Even the Dongaria were vulnerable, however, to the seductive charms of “modern civilisation”. Attracted by the promise of higher yields, some began to grow 40–45 different kinds of crops in a single farm. These included varieties of millet, sorghum, pulses, oilseeds, vegetables, and roots and tubers. Even so, they continued to hunt, gather and practise shifting agriculture.

Destructive mining for “prosperity”

The idea being promoted by Vedanta and a few political parties is that the mining project will contribute to Orissa’s economy and make the Dongaria prosperous. For the mainstream, non-cultivating, town- and city-based population, it promises an era of prosperity, where those with initiative and business acumen can make a quick fortune.

The convention in company and government discourse is to assume that industrialisation increases people’s standard of living as measured by a handful of indices, such as cash income and education, which are disconnected from real life situations. But statistics are easy to manipulate and, even if they could be collected in a perfectly neutral way, they tell a very one-sided story.

In fact, few basic statistics were kept with regard to the big population displacements in Orissa, not even the number of displaced and where they were resettled. The indices that were recorded are highly flawed: a higher income does not mean a higher standard of living. For the Dongaria the most important change was moving from a situation in which they owned their own land and grew they own food to one in which they were dependent on the company for their livelihoods – a complete break from their traditional, largely self-sufficient economy. Moreover, the loss of the connection with the land, divisions in the community, and the penetration of money into relationships are being promoted as the indicators of growth!

The Dongaria have been growing their own food on the Niyamgiri hills for generations. Dongaria culture is sustainable in the true sense of the word, in that it is a way of living in which people have been interacting with nature for hundreds of years without damaging the ecosystem.

Conservation vs large-scale destruction

It is a little known fact that the most significant and strategic use of aluminium is in the manufacture of arms, missiles and other destructive weapons. A stark and brutal irony thus infuses the whole episode: people who have co-existed peacefully with nature for centuries are now being hounded out and their habitation squandered to feed an industry the chief purpose of which is to profit from war and large-scale destruction.
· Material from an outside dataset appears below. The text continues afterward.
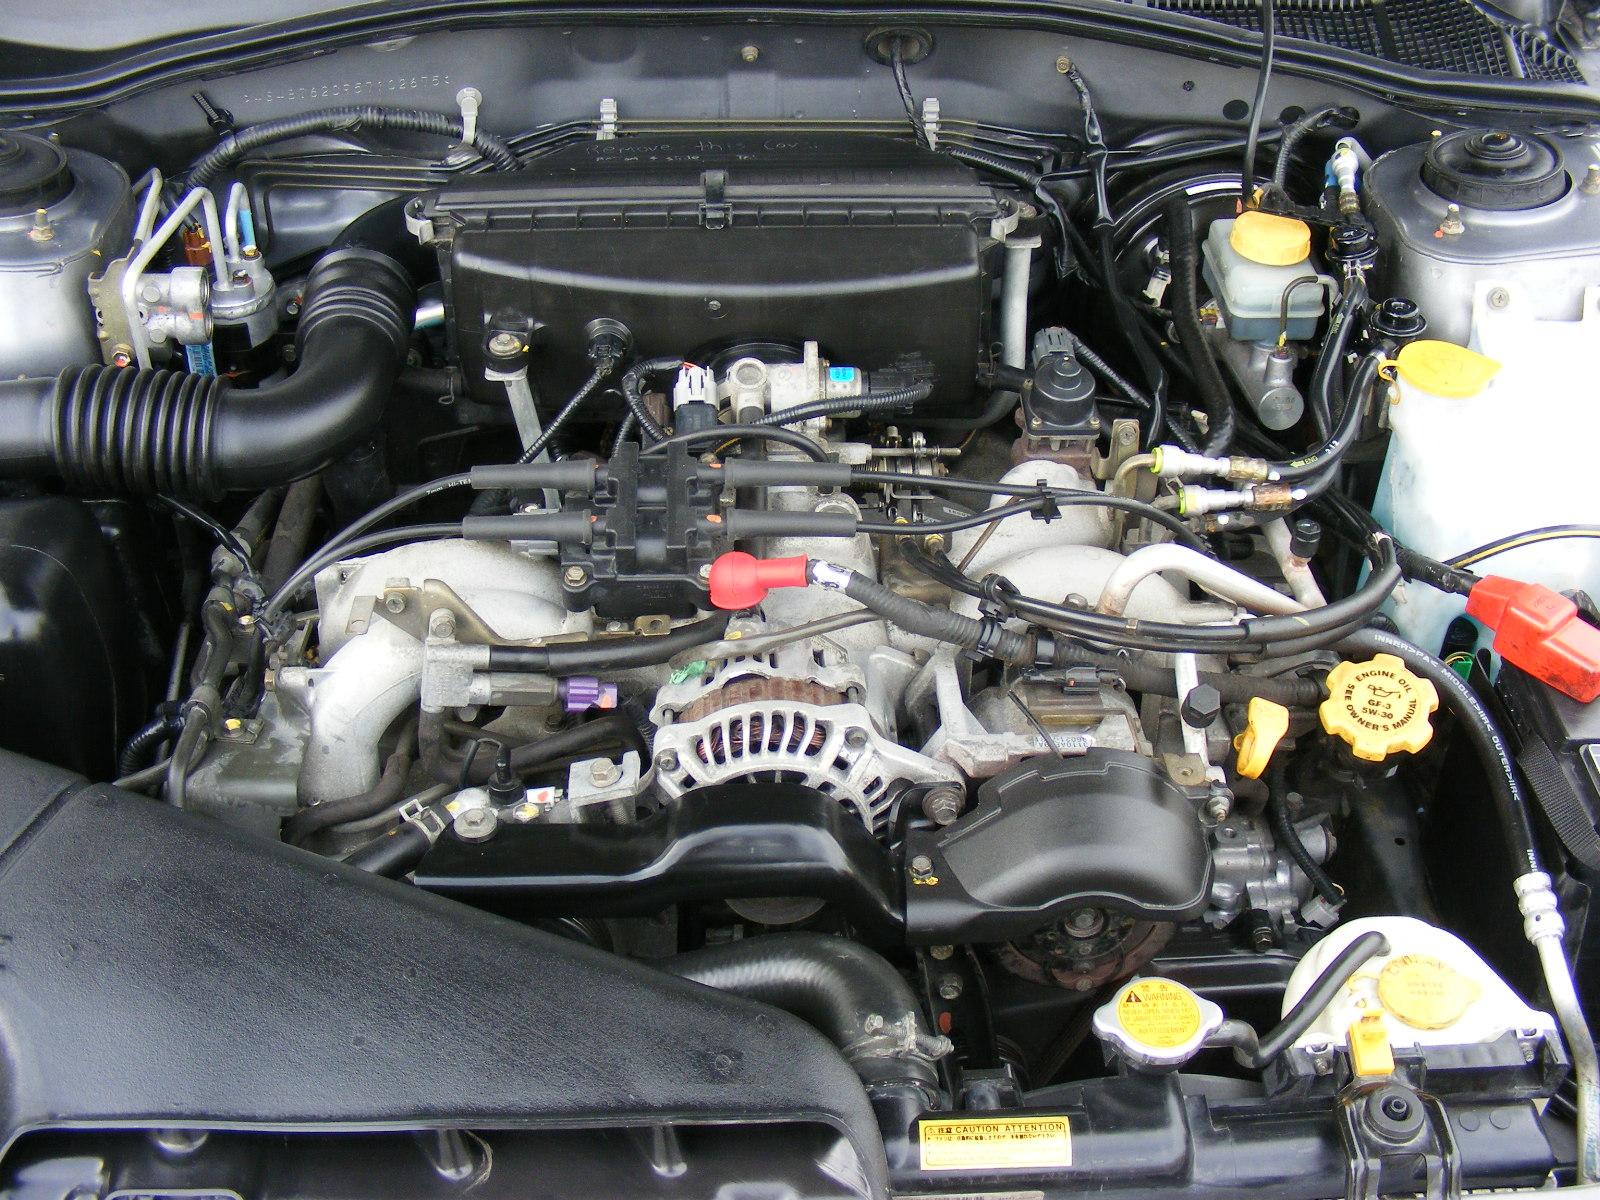 2005 Subaru Baja - Pictures
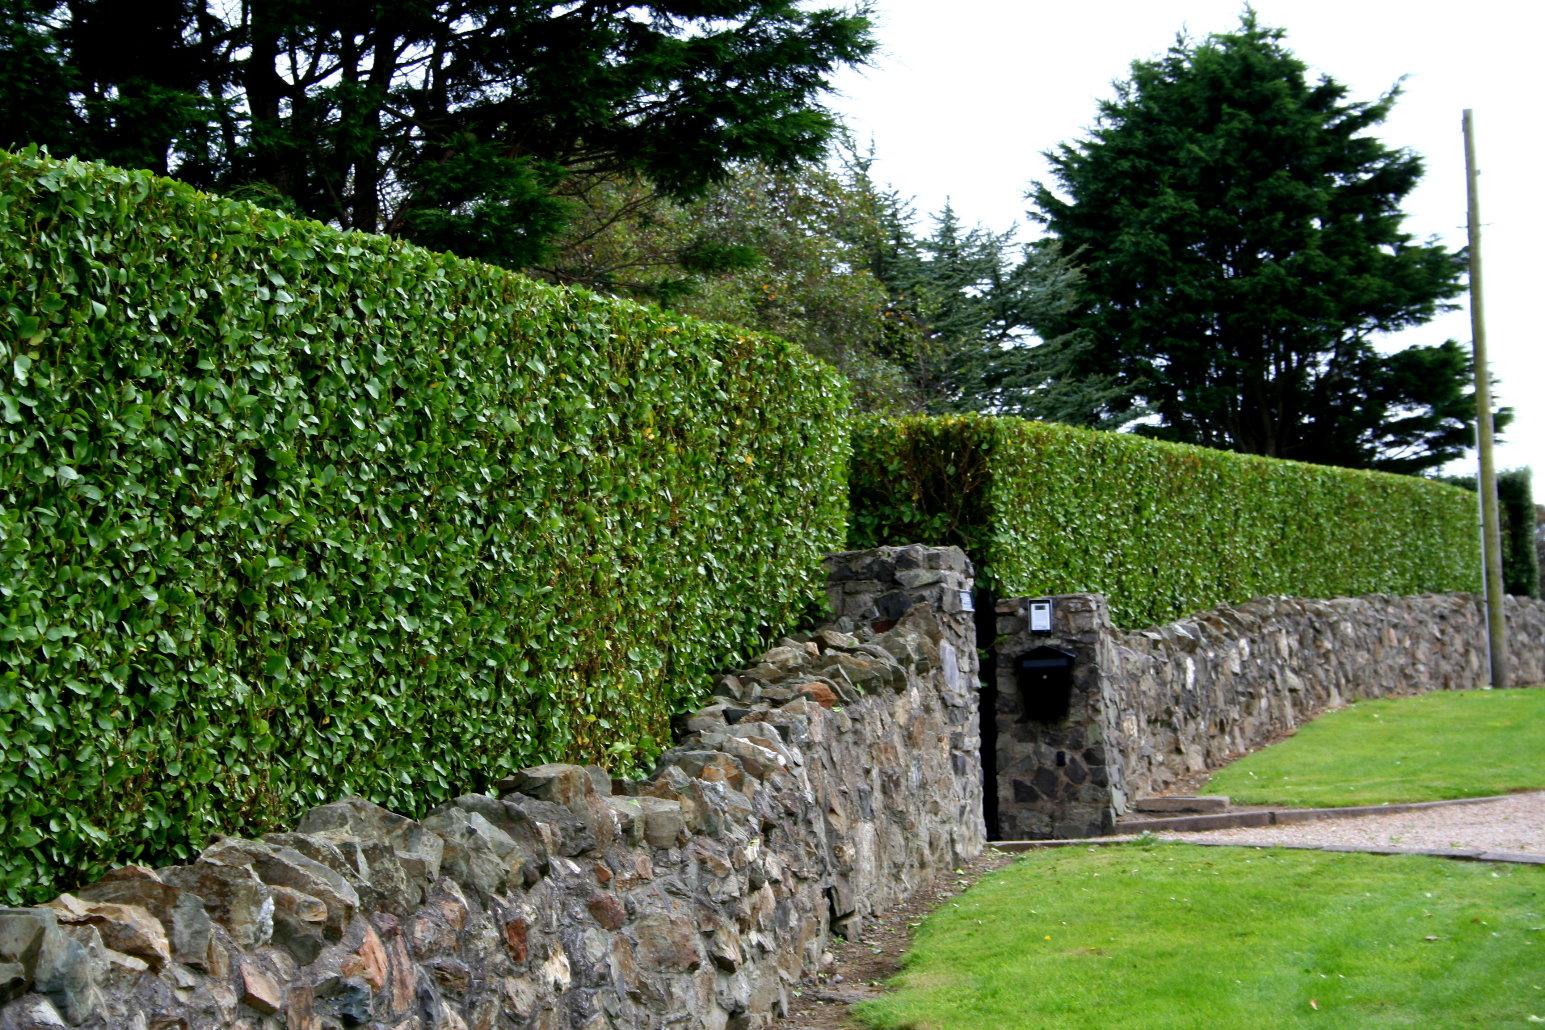 hedge cutting services dublin l hedge trimming dublin l hedges. Black Bedroom Furniture Sets. Home Design Ideas

It is not only the tribals who are threatened. Made up of hills, peaks, valleys and gorges, the entire Niyamgiri range is picturesque, and the dense forests stretch for miles connecting four districts. Elephants and Bengal tigers cross this range. Other animals found here are leopard, sloth bear, pangolin, palm civet, giant squirrel, mouse deer, langur, rabbit, four-horned antelope, sambhar and numerous types of snake and lizard. New species of birds, amphibians and plants continue to be discovered in the area. Because of its ecological importance a proposal has been made to declare it a wildlife sanctuary. An entire ecosystem will be destroyed if mining activity is allowed in this richly diverse eco-bowl.

Struggles in the past

In Orissa there have been numerous large-scale movements, in which tribals and dalits have played a central role, to stop the establishment of bauxite mines and aluminium factories. Protesters have been frequently arrested and beaten by the police and company employees. The first of these movements arose to prevent Bharat Aluminium Company (Balco), at that time owned by the Indian government, from mining the top of Gandhamardan, an exceptionally well-forested range in west Orissa.

Local people made great sacrifices to oppose Balco’s plans. When their husbands were jailed, women stopped the police and company vehicles by putting their babies in the vehicles’ path, to show that they had no future if the mountain was mined. In the end the company had to admit defeat. This movement has been an inspiration to those struggling to protect their own life sources. Indeed, it is evoked by the Dongaria in their resolve to protect the Niyamgiri.

David vs Goliath

In this epic struggle for survival, on one side is pitted the immense political clout and financial muscle of a powerful business house, Vedanta, which is pushing for the immediate commencement of bauxite mining, and on the other thousands of local tribals (and non-tribals), who have resolved to protect their mother and God.

According to Salpu Jakesika, aged 34, a Dongaria from Mundabali village, “The Vedanta company will try to use force once again after the general election is over [in May 2009], but we will continue to resist.” Niyamgiri, he said, cannot be handed over to Vedanta. “The hills belong to the Dongarias and we are not going to let go.”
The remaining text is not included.